第58話 第2階層の小部屋(1)
背中に背負ったリュックからペットボトルのお茶を取り出し、一息ついてから行動を再開する。まずは先ほど中断された罠の確認からだ。
慎重に、違和感を覚えたあたりの地面をメイスでゆっくりと叩いていく。
3度叩いたところで目の前の地面に大きく穴が開いた。
「うおっ!?やっぱり、久しぶりだと感覚が狂うなぁ……」
やや前のめりになってしまった体勢で思わず声を漏らす。第1階層の落とし穴で何度もやっていた作業ではあるが、最近は壁走りのスキルで避けていたので感覚が鈍っていたらしい。
「やっぱり落とし穴か。……というか、底が剣山みたいになってるし凶悪になってるじゃないか」
慎重に穴の中を覗き込んでみると第1階層の落とし穴にはなかった鋭い針というか槍のようなものが並んでいるのが見える。
矢の罠も本数が増えていたし、ダンジョンの成長で罠も成長したのかもしれない。帰りにでも第1階層の落とし穴を確認しておこう。
そんなことを考えつつ、落とし穴を避けて先へと進む。
幸い、その後はモンスターにも罠にも遭遇せずに通路の突き当りにある扉の前までたどり着くことができた。
「最初の扉か。さすがにこの距離でボス部屋はないとは思うけど、何が出るのやら」
そんなことを口にしつつ、メイスを握りなおして扉を薄く開ける。
覗き見た部屋の中には、先ほど遭遇したコボルトと背中から羽を生やしたコボルトよりやや小さなモンスターが飛んでいた。記憶が確かであれば、あれはおそらくインプだろう。
ゆっくり扉を閉めてから距離をとり、壁に背中を預ける。
覗き見た感じだと、この部屋はおそらく小部屋になると思われる。少なくとも見える範囲には先へと続く扉は見えなかったので、ここは枝分かれした通路の行き止まりの小部屋だと思う。
で、どうするかという話なんだが……、まあ試してみるか。
コボルトの方は、動きの素早さと生き物を相手しているという忌避感が厄介ではあるが、強さ的には問題なさそうだ。インプについては試してみないとわからないが、インターネット上の情報によると手に持った三つ又の槍と爪による攻撃をしてくるという話だったはず。
どちらも魔法による攻撃はないはずなので、近接の物理攻撃のみとなる。インプが空を飛んでいるのが厄介ではあるが、対処できないというほどではないだろう。
それに最初は第1階層でもやったように、扉の近くのモンスターを釣り出してきて数を減らすつもりだ。恐らくどうにかなる。
扉の近くにモンスターがいないことを確認してから静かに小部屋に侵入する。
どうやらコボルトもインプも、索敵能力はそれほどでもないらしい。小部屋に入った瞬間に敵意を向けられるということもなく、少し離れたところにいる奴らにすら気づかれていないようだ。
「スライムみたいに引っかかってくれると楽なんだが」
そう小さくつぶやいてから、一番近くにいる集団に小石をまとめて放り投げる。コボルトが3匹にインプが1匹の集団だ。
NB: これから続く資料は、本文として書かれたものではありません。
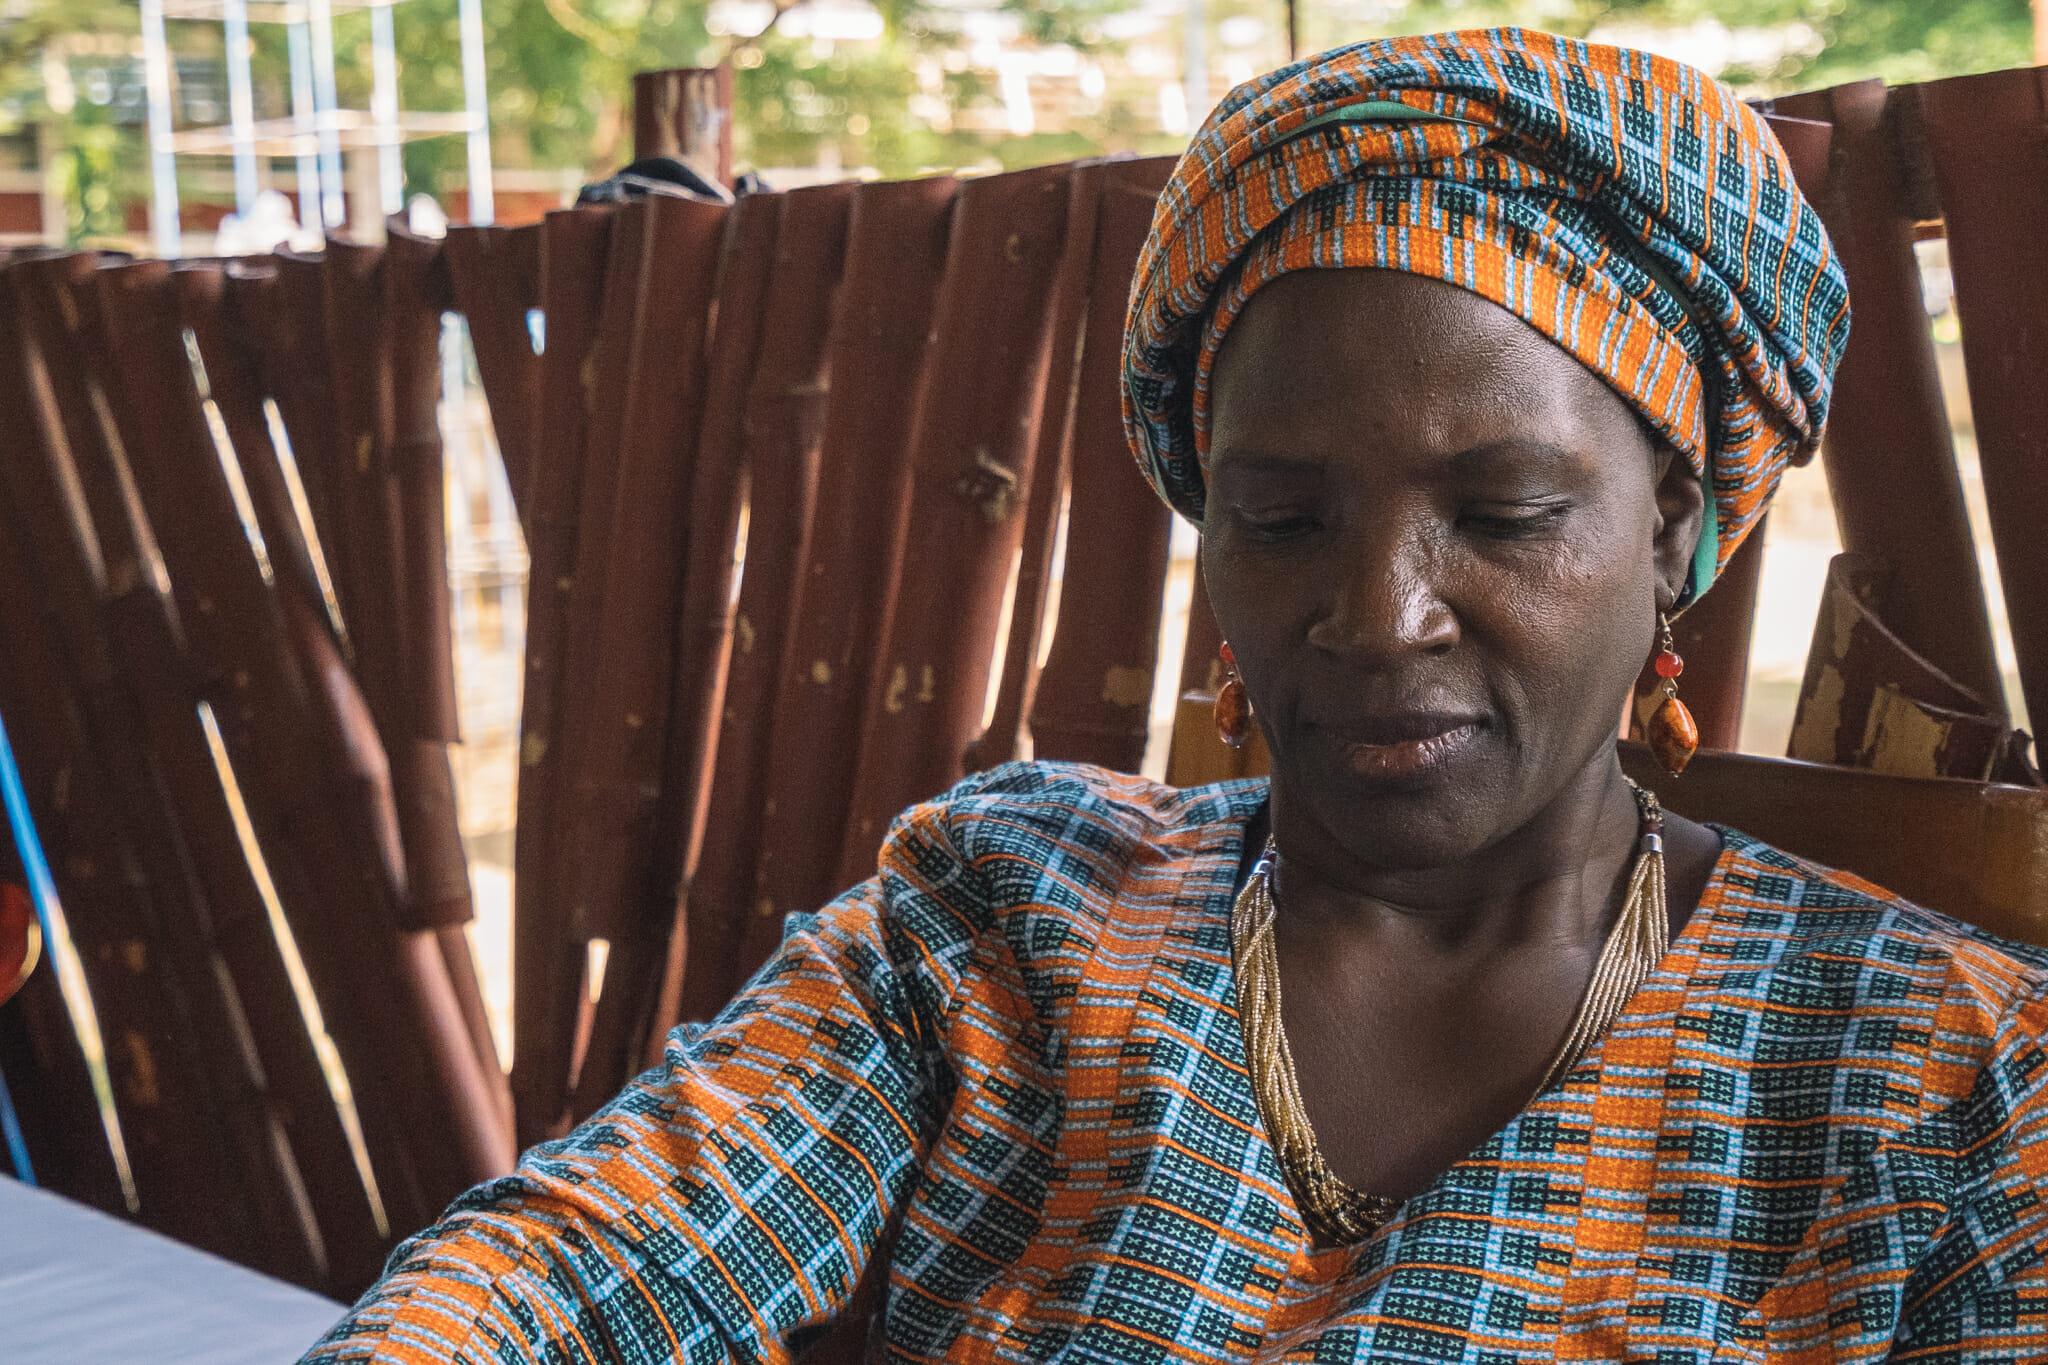 Rencontre avec les fondatrices de Moshi Mama en Tanzanie

残りは離れたところにいるコボルト2匹と奥にいるコボルト3匹とインプ1匹の集団になる。小部屋全体でコボルト8匹とインプ2匹と考えると少なく感じるが、たぶん第1階層のグリーンスライムの数が多かっただけだろう。
そもそも、まだ第2階層なのだから量も質もそこまで大したことはないはずだ。
「っと、来たか」
距離をとったために山なりに放り投げる形になってしまったが、ダメージは期待できなくともこちらに気を引くという目的は果たせたらしい。俺に気づいたコボルトたちがイラついたようにこちらへと顔を向け、駆けだそうとしている。
扉へと近づくように後ずさりながら離れた位置にいる他のコボルトたちの様子を確認する。
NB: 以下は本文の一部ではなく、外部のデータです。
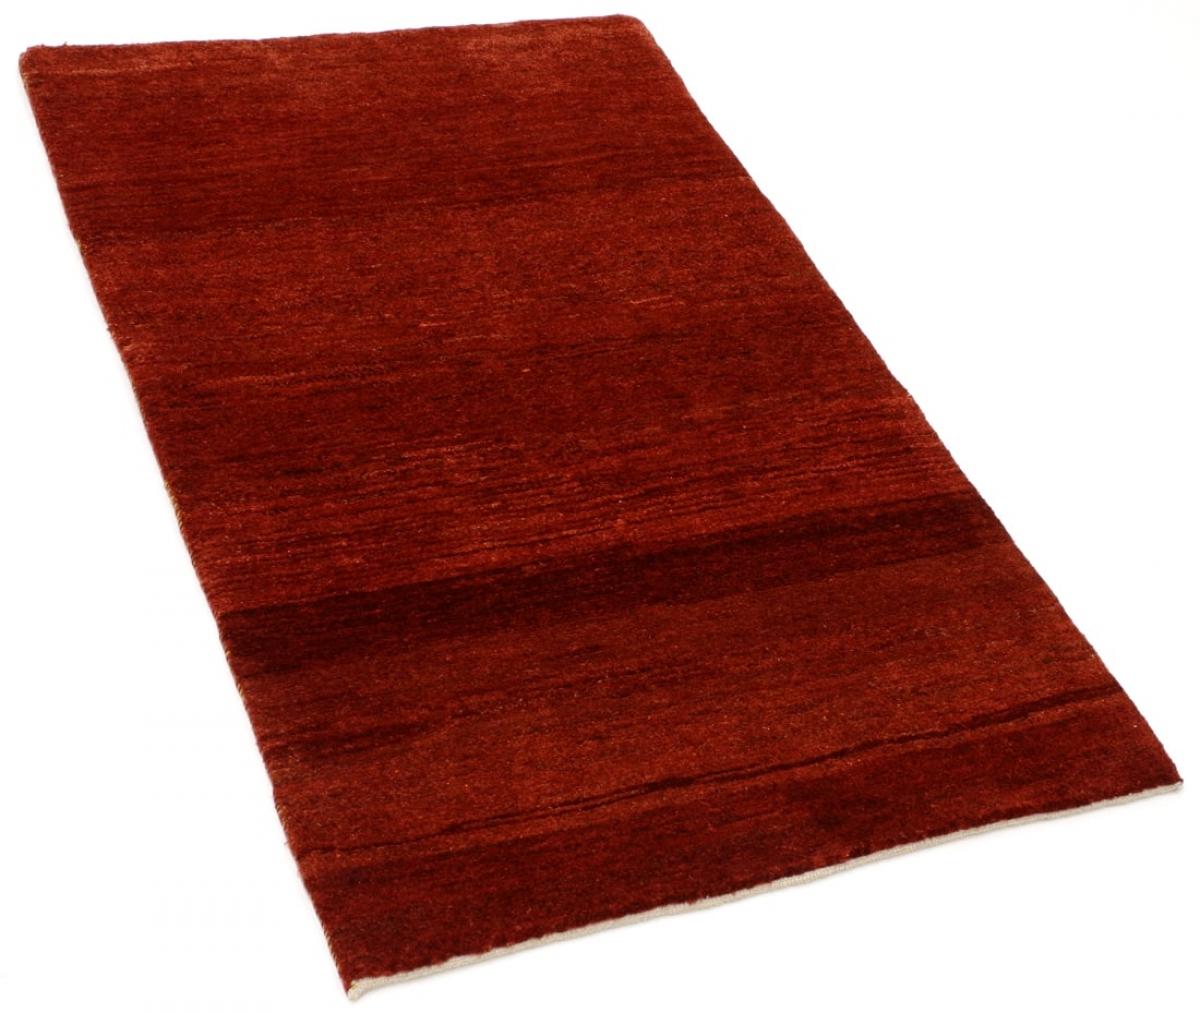 perserteppich gabbeh rot 83x138cm. Black Bedroom Furniture Sets. Home Design Ideas

離れた場所にいる2つの集団はどちらもこちらのことに気づいていないようだ。なんとなく、こいつらの索敵能力が心配になるが、こちらの都合がよくなる分には問題ないだろう。
そう考え、他の集団を放置して目の前の相手に集中する。
待ち構えていると、先頭を駆けてきたコボルトが両手の爪を使ってひっかこうと飛びかかってきた。
どうやら武器を持っていない個体もいるらしい。やや後ろの2匹はこん棒を持っているが目の前のこいつは手ぶらだ。だからこそ一番早かったのかもしれないが。
「はっ!」
コボルトの爪に合わせるようにメイスを打ち付ける。攻撃するというよりも弾き飛ばすための動きだ。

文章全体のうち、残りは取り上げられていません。